EL ESTADO: CONTROL SÍ,  ADMINISTRACIÓN NO

Como acertadamente afirmó hace poco el profesor de Yale Paul Kennedy, el Estado ha vuelto con fuerza. El proceso se inició con los atentados terroristas del 11 de septiembre de 2001 y se precipitó  últimamente como consecuencia de la crisis financiera. El poder gubernamental soberano retomó inusitada vigencia, en un principio con medidas de seguridad para prevenir futuros actos de terror y posteriormente por el colapso económico de los Estados Unidos e industrializados países de Europa occidental.

Durante más de quinientos años los estados nacionales predominaron con todos sus atributos usuales. En la primera etapa de la globalización -tras el derrumbe del comunismo a principios de los 90 del siglo pasado- se enunciaron conceptos  acerca del “fin de la historia” y la “decadencia” de los estados.  Marx y Lenin anteriormente habían pronosticado la “extinción del Estado” en la ruta hacia el socialismo. Tal cosa no se produjo y probablemente no sucederá nunca. Ahora en 2009 el Estado como organización política domina el escenario internacional. La realidad supera a cualquier utopía.

Los triunfadores del reciente pasado (bancos de inversión, agentes de bolsa, corredores de acciones en Wall Street, atildados empresarios, etc.) son los villanos del presente. El Estado –afirma Kennedy-  era  considerado como algo anticuado, sobre todo en lo relativo a sus formas "sobredimensionadas" o de estilo autoritario. Ahora  resulta que el Estado está de última moda. Destaca, además, que el mundo del capitalismo de libre mercado sin controles llegó a un fin abrupto. El Estado intervino para retomar el control de los asuntos financieros y políticos. Agrega que el Estado nunca desapareció y para fines de la década de 1990 ya había indicios de que aumentaba su poder en países tan diferentes como Rusia, China, Venezuela y Zambia.  Es sin embargo y según Kennedy, el giro en las que habían sido sólidas economías de mercado -sobre todo EE.UU.- lo que constituye el más asombroso cambio. Resurgió la fuerza latente del Estado nacional. Hoy en día, hasta instituciones mundiales de envergadura -como el Fondo Monetario Internacional- bailan al compás de gobiernos con capacidad de decisión sobre ellas.

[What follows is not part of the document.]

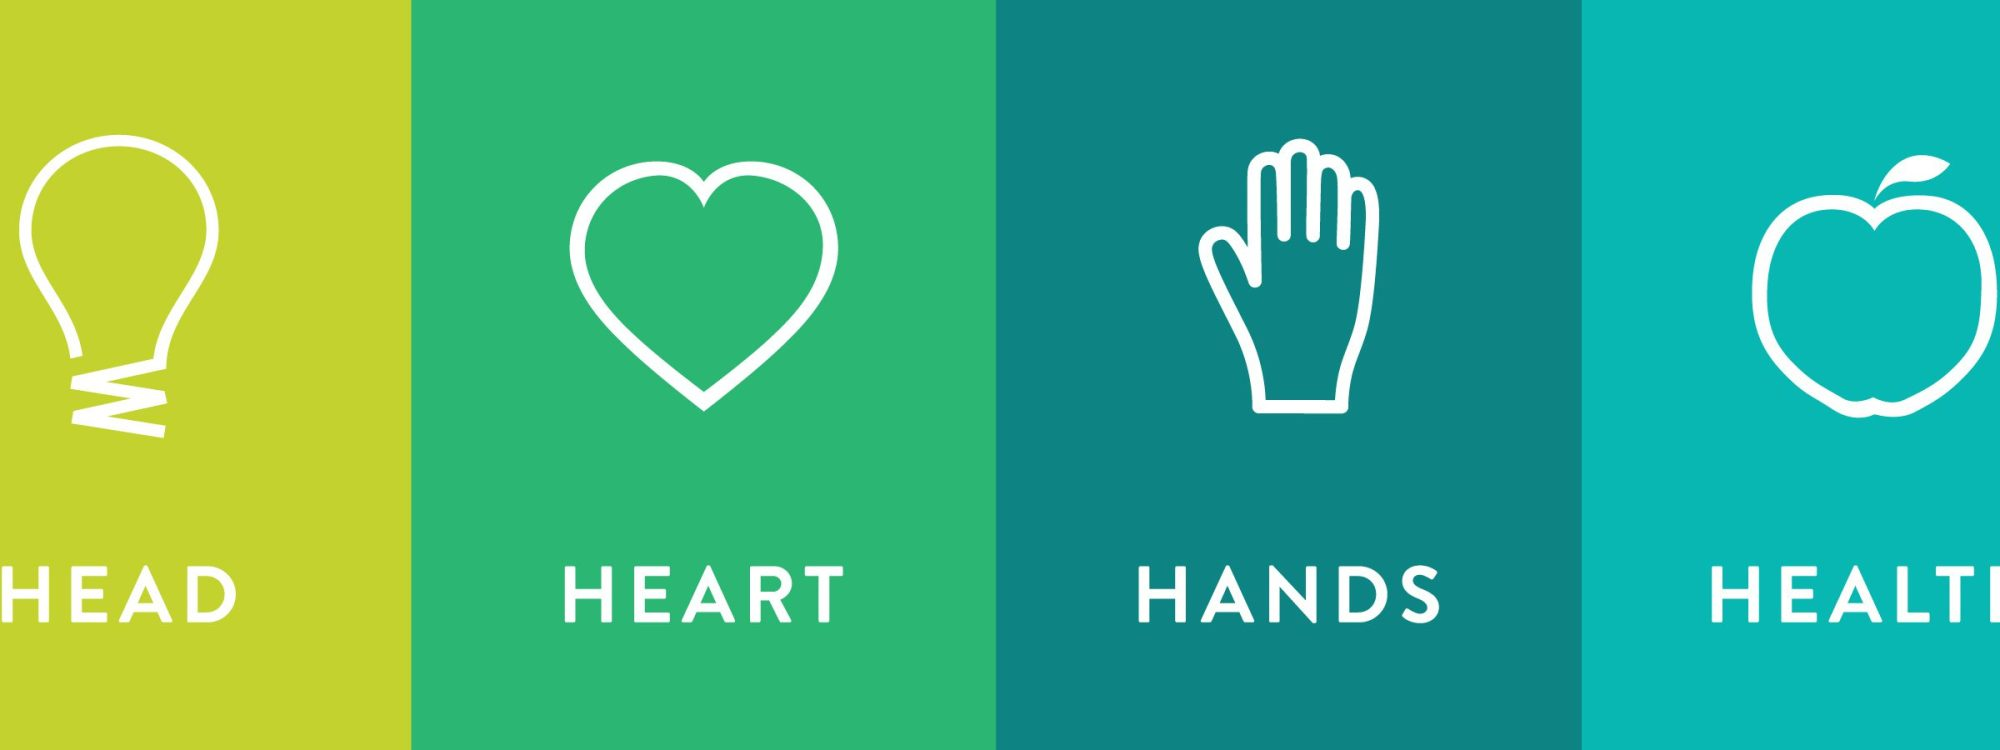 hight resolution of head heart hands health banner

En este contexto de fuerte retorno de la presencia estatal, surgen diferencias en  materia de interpretaciones y de métodos operacionales.  Desde el punto de vista interpretativo, el retorno del poder del Estado no significa un automático regreso a modelos socialistas o comunistas ya defenestrados por la historia. Implica más bien un proceso inevitable de control de daños en función de algo superior -el interés común de la sociedad- y también conlleva una profunda reforma del sistema capitalista. En términos operativos, la nueva presencia estatal se refleja mediante la presencia mayoritaria del Estado en Directorios de grandes compañías o en cantidad de acciones en su poder, pero no se trata de “nacionalizaciones”, dónde el Estado pasará a ser administrador. La consigna claramente establecida es  un sí al control y a las regulaciones, con un rotundo no a la gerencia estatal, aunque se tenga mayoría o propiedad plena. La experiencia señala que con la administración directa se abre un sendero hacia la ineficiencia y potenciales corruptelas. Son contados en el mundo los entes estatales que funcionan bien.

No hay ni habrá fin del Estado ni tampoco un Estado omnipresente, salvo en los totalitarismos. El Estado resurge como árbitro y regulador de los desequilibrios en el sector privado, pero básicamente controla y norma, no administra. Más allá de esta verdad, el Estado está aquí por un buen rato. Ojalá cumpla bien sus funciones elementales y las adicionales que ahora le impone la coyuntura.